TASK DATA below:

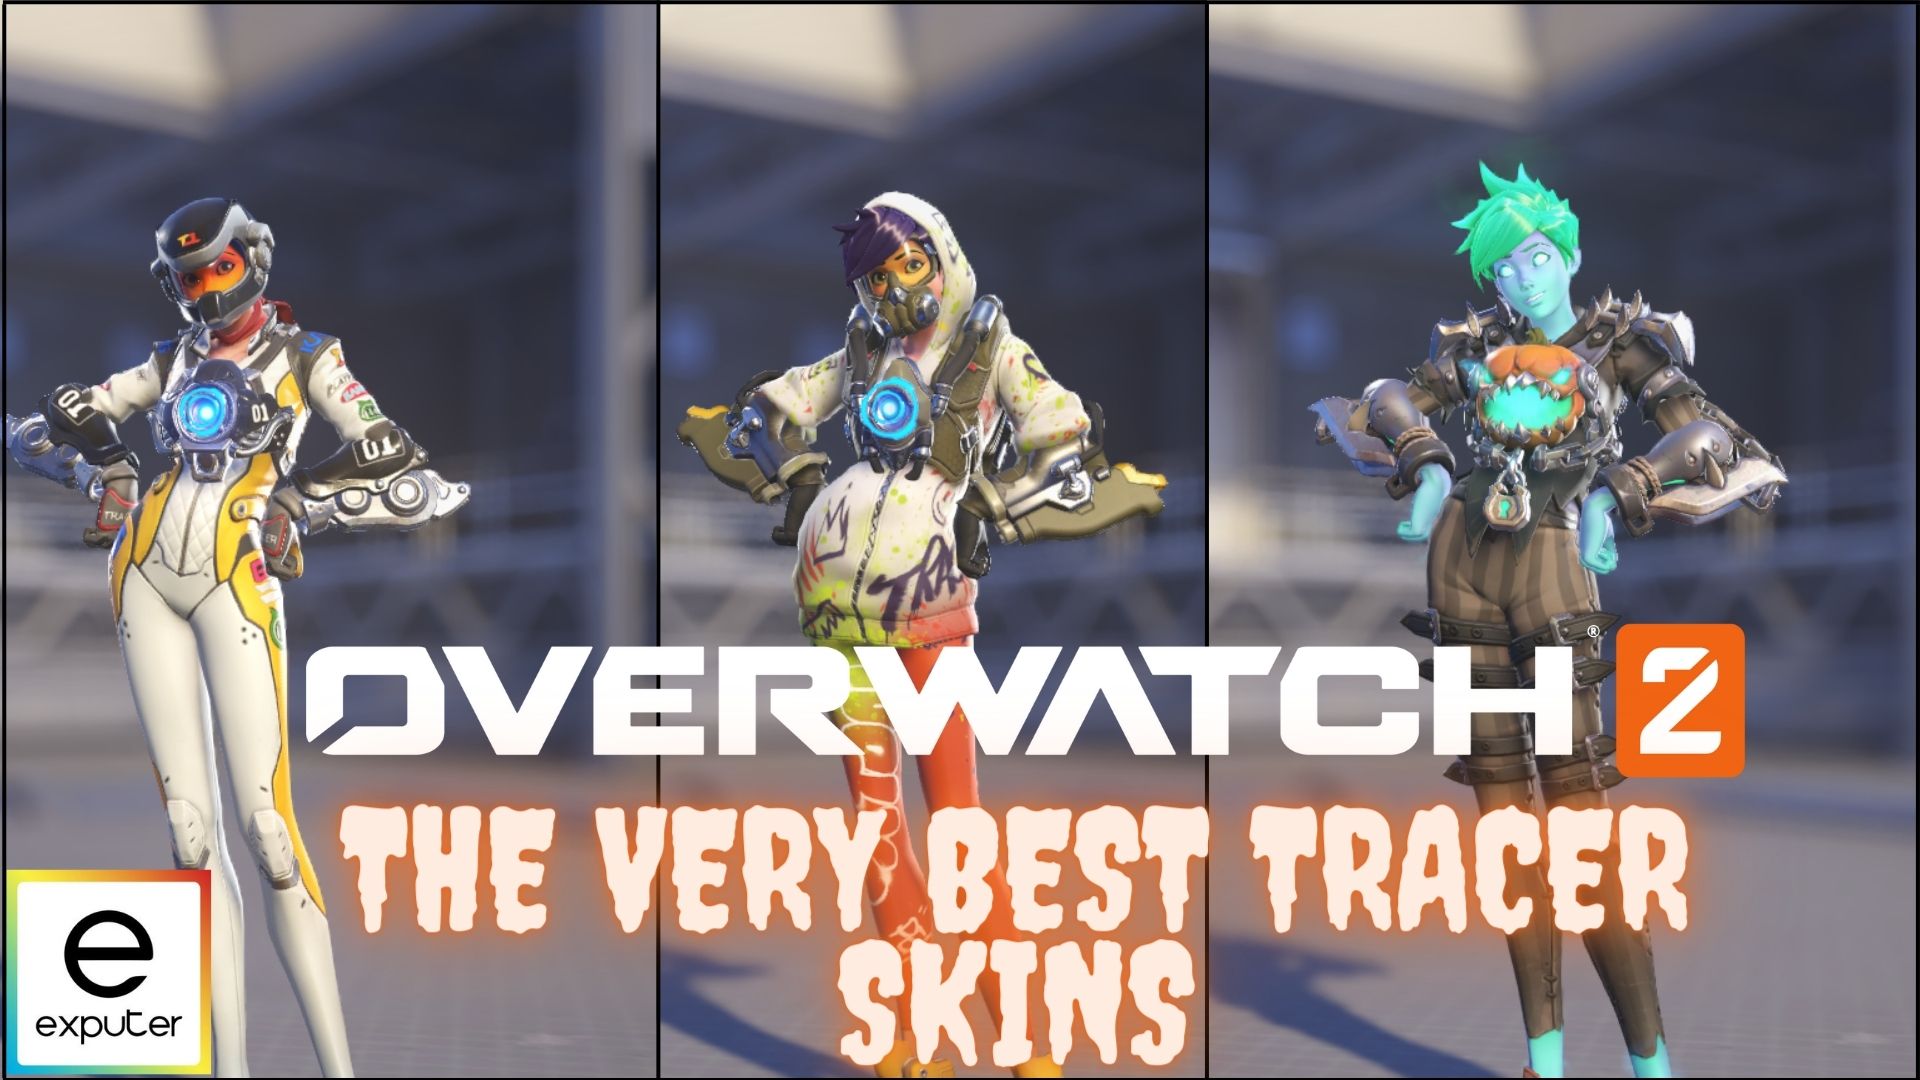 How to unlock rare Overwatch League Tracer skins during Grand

End of TASK DATA.
TASK DATA below:

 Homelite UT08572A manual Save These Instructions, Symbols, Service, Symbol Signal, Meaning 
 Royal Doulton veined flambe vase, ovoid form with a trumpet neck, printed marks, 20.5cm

End of TASK DATA.
TASK DATA below:

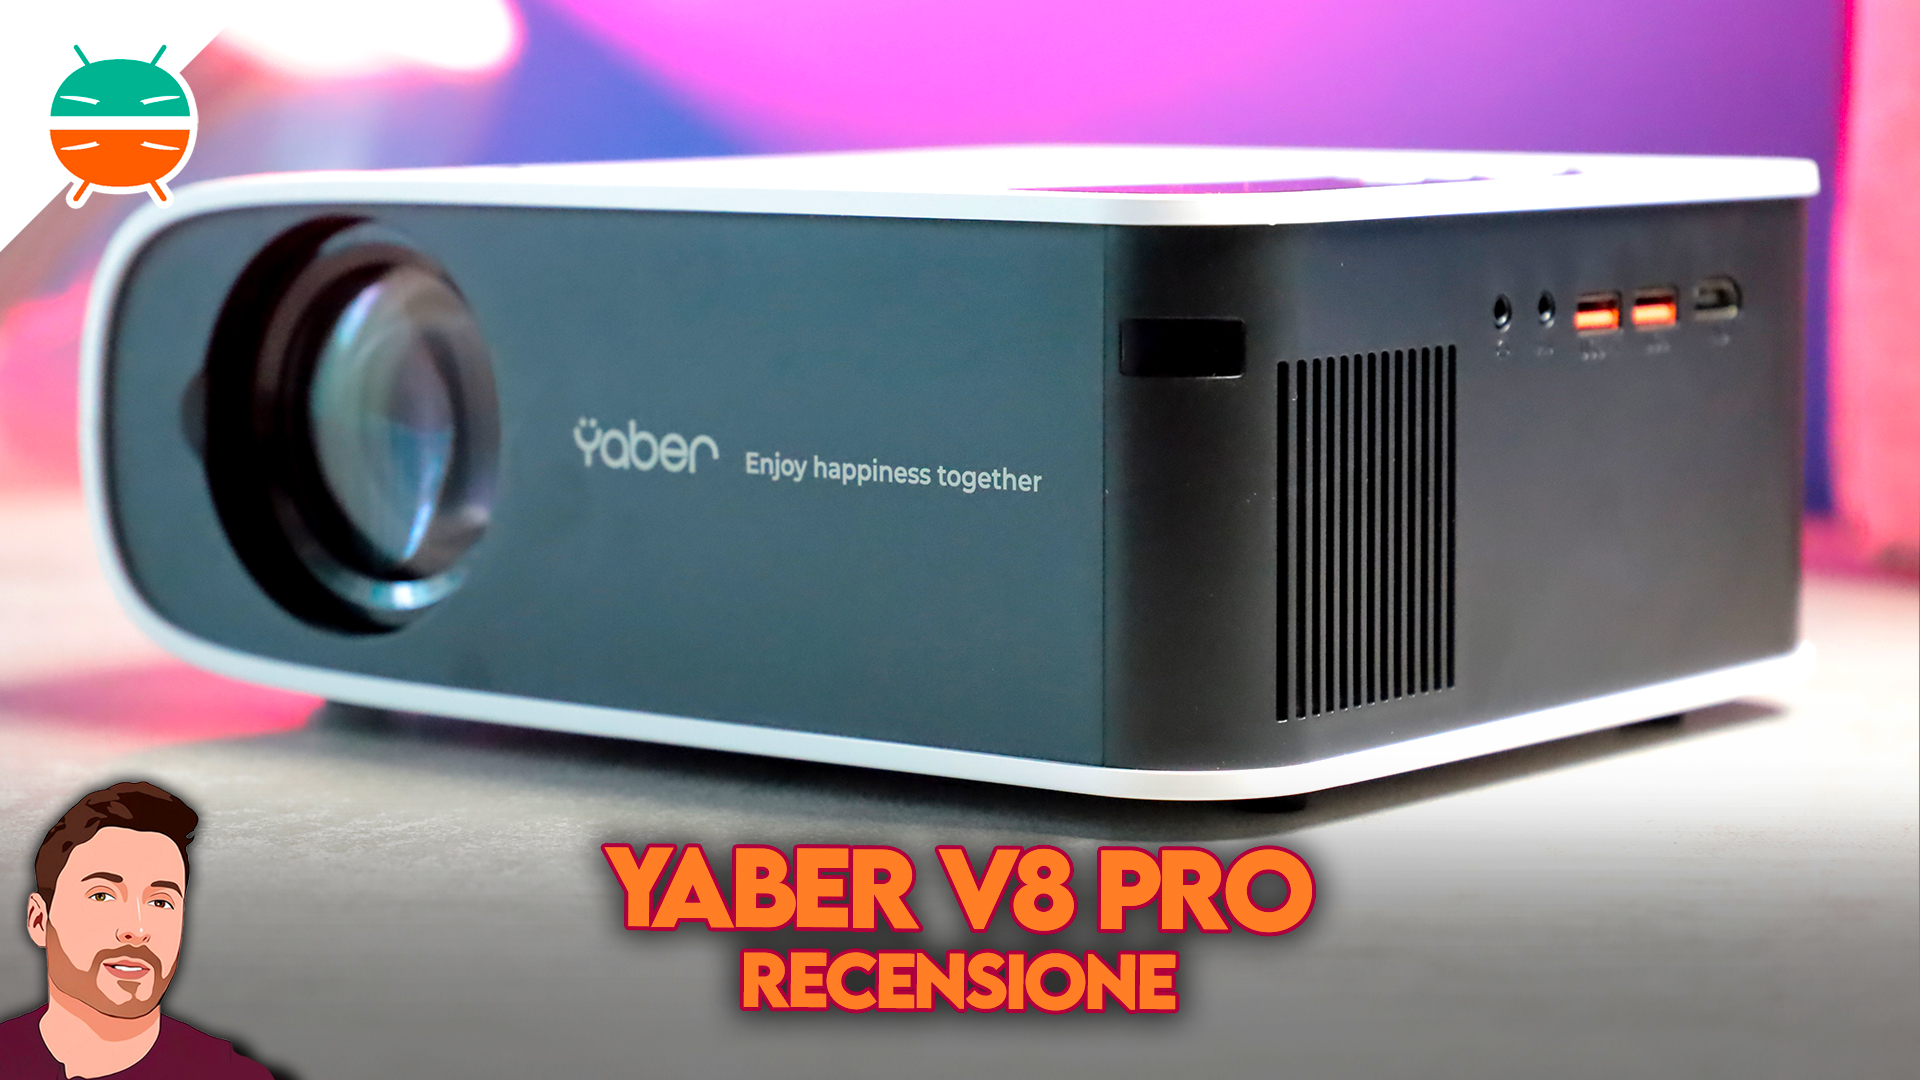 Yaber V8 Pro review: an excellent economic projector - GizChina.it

End of TASK DATA.

> **EXERCISE DETAILS**
The listing above holds a line with "Homelite UT08572A manual" and a line with "Royal Doulton veined". Print the stretch from the first through the second, exactly and alone.

> **ANSWER SECTION**
 Homelite UT08572A manual Save These Instructions, Symbols, Service, Symbol Signal, Meaning 
 Royal Doulton veined flambe vase, ovoid form with a trumpet neck, printed marks, 20.5cm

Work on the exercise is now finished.